Susana Díaz, dos veces víctima de Pedro Sánchez

La líder andaluza sufrió la derrota de las primarias y ha acusado en las elecciones andaluzas la mala gestión del presidente del Gobierno

Susana Díaz, dos veces víctima de Pedro Sánchez

 

Tiempo de lectura: 2' Actualizado 03 dic 2018

Susana Díaz ha vivido este domingo la victoria más agridulce de la historia del PSOE. La líder socialista ha sido la más votada en las elecciones celebradas este 2-D con 33 escaños y el 27,97% de los votos. Sin embargo, la alianza de derechas formada por PP, Cs y Vox supondrá su salida de San Telmo de una manera totalmente inesperada. 

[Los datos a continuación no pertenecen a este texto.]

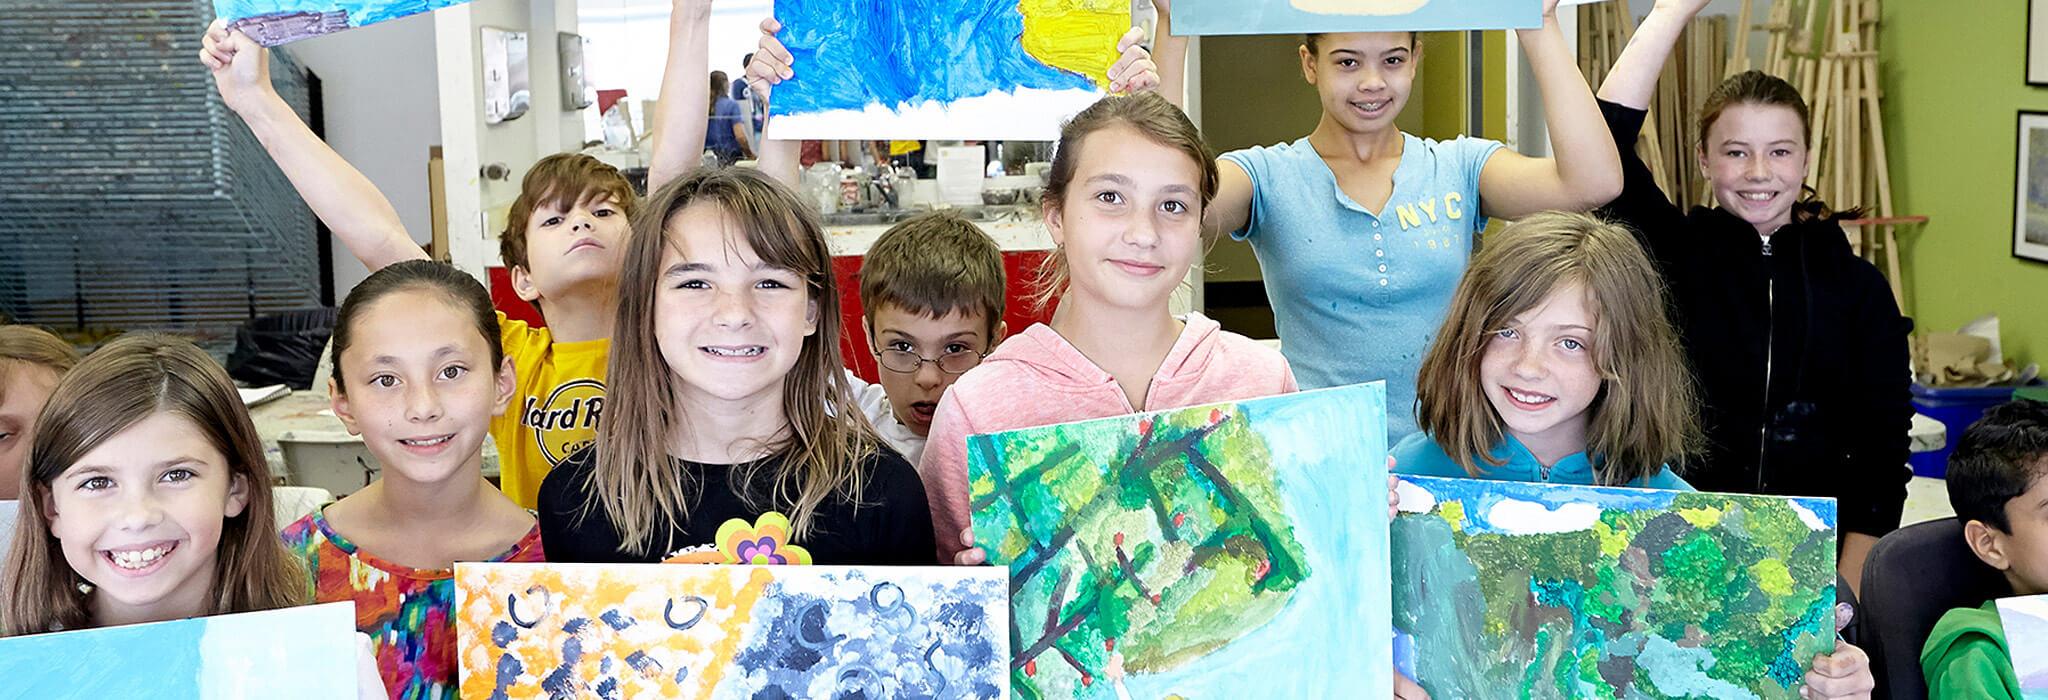 Art Gallery of Hamilton - Learn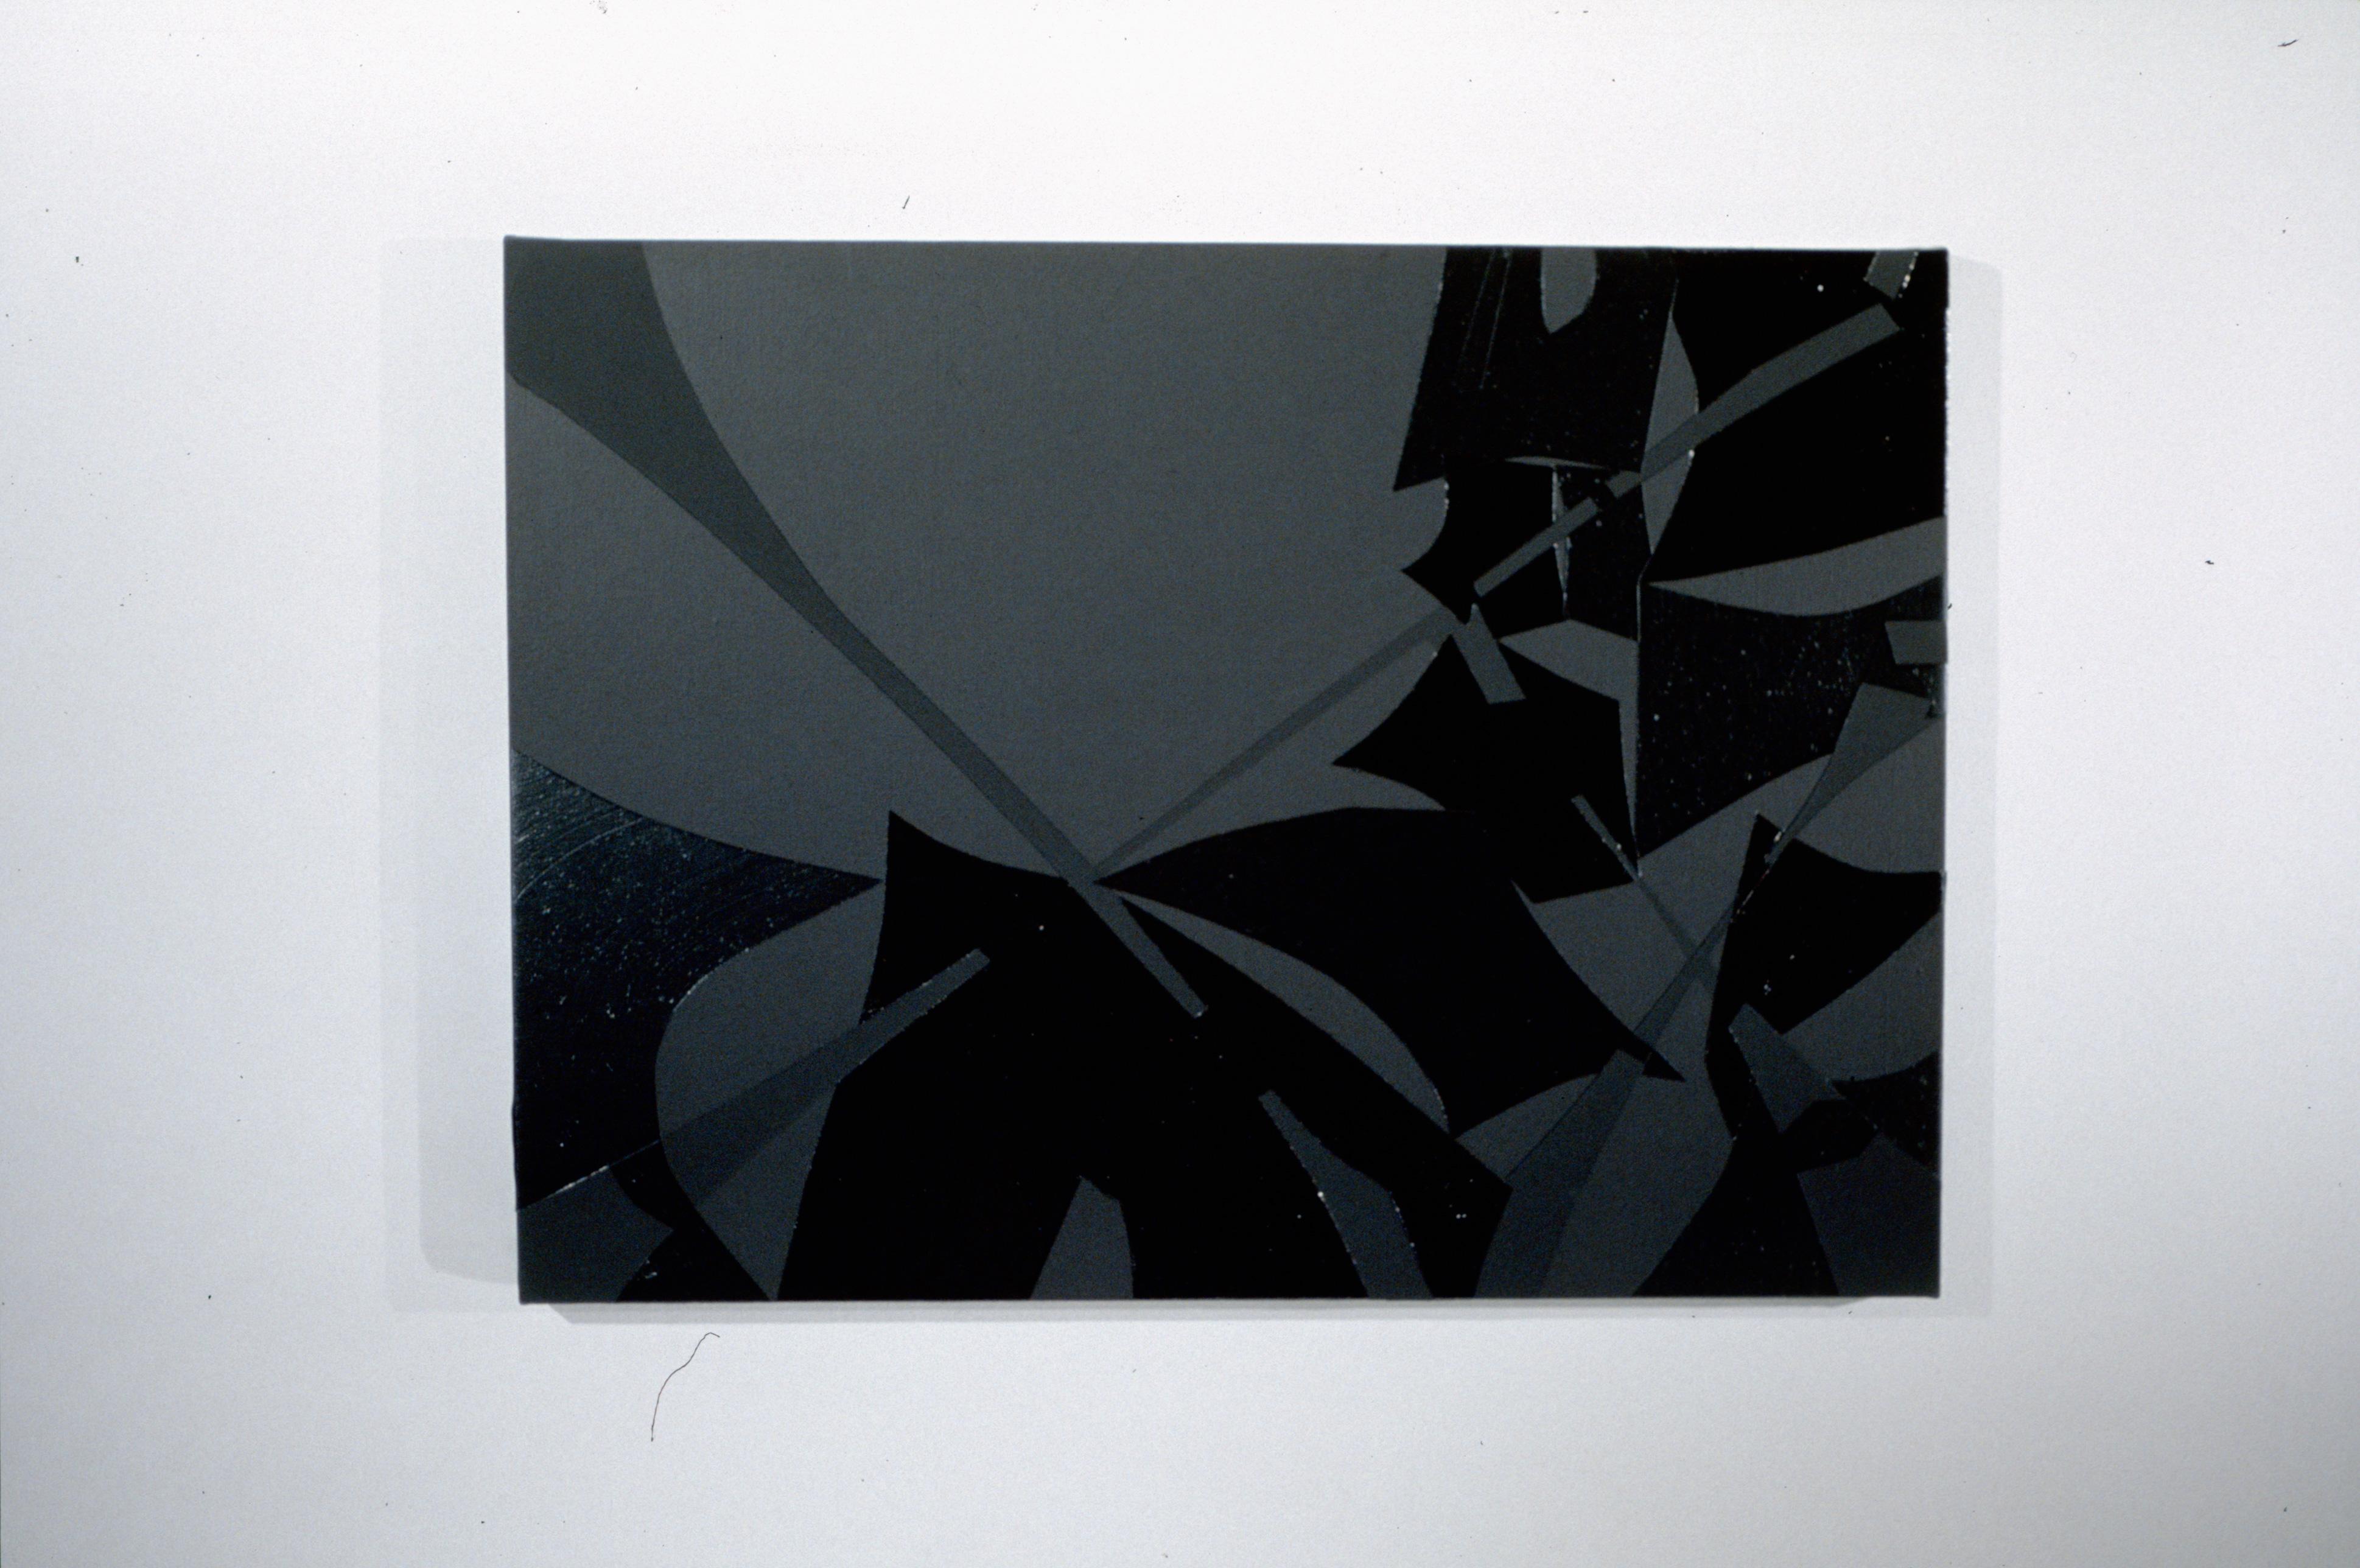 Black Study #06 | 22x31in | 2002

Díaz ha perdido 14 escaños y 400.000 votos con respecto a 2015. Su bagaje no puede ser más desalentador: los 33 diputados que ha obtenido este domingo suponen la menor representación del partido socialista en el parlamento andaluz. Hasta ahora, el suelo del PSOE estaba en los 45 que obtuvo Manuel Chaves en 1994. También es la peor cifra en porcentaje de voto (27,97%) y en número de papeletas, que hasta ahora también ostentaba Chaves en 1990 con 1.368.576.

 

El PSOE acusa así la corrupción de un partido agarrado al poder desde hace cuarenta años. El caso de los ERE andaluces, de los que Susana Díaz ha intentado desligarse desde su llegada a San Telmo, ha dañado seriamente las siglas de su partido. Un escándalo mayúsculo que ahora se dirime en los tribunales y por el que los expresidentes Chaves y Griñán se enfrentan a hasta ocho años de cárcel por prevaricación y malversación. Díaz marcó distancias con ambos, pero siempre ha defendido su inocencia. Se estima que el fraude pudo alcanzar los 741 millones de euros. La inconclusa respuesta de Díaz a semejante engaño ha erosionado su imagen, pese a que ella ha intentado salir indemne de cualquier acusación. La andaluza adelantó los comicios para evitar que la sentencia de los ERE le llevara a perder el gobierno. No ha hecho falta conocer esa sentencia para que esa realidad se haya producido. 

Aunque, quizá, el gran traspiés de Susana Díaz fue prestarse a la desnudez de su fortaleza: la intentona de alcanzar el poder absoluto del PSOE en una batalla a cara partida con Pedro Sánchez cuya principal víctima fue ella misma. Díaz culminó la rebelión contra su líder en el aciago Comité Federal del 1 de octubre de 2016. El partido se puso a su disposición para asaltar la secretaría general: los barones tomaron partido a su favor, al igual que la mayoría de líderes autonómicos; la comisión gestora dio muestras de cercanía a su candidatura y periódicos tan influyentes entre la izquierda como 'El País' se decantaron por ella ante un Sánchez que parecía más muerto que vivo. Pero los resultados de las primarias de mayo de 2017 fueron rotundos: el hoy presidente del Gobierno obtuvo el 50,26% de los votos y Díaz, el 39,90%. La imagen de 'todopoderosa' se resquebrajó en un abrir y cerrar de ojos y Díaz tuvo que regresar a esa Andalucía a la que una vez dijo que no iba a abandonar. 

Esta noche se ha consumado el peor de sus temores. Díaz ha sido doble víctima de Sánchez. Le despojó de su fuerza tras la batalla por la secretaría general y ahora su gestión en la Moncloa ha mermado su aspiración de convencer al tradicional votante socialista que siguiera confiando en su proyecto. Probablemente Díaz seguirá al frente del partido socialista andaluz, pero las derrotas sufridas en menos de dos años harán mella en una mujer que un día soñó con ser presidenta del Gobierno y ahora se queda también sin Andalucía.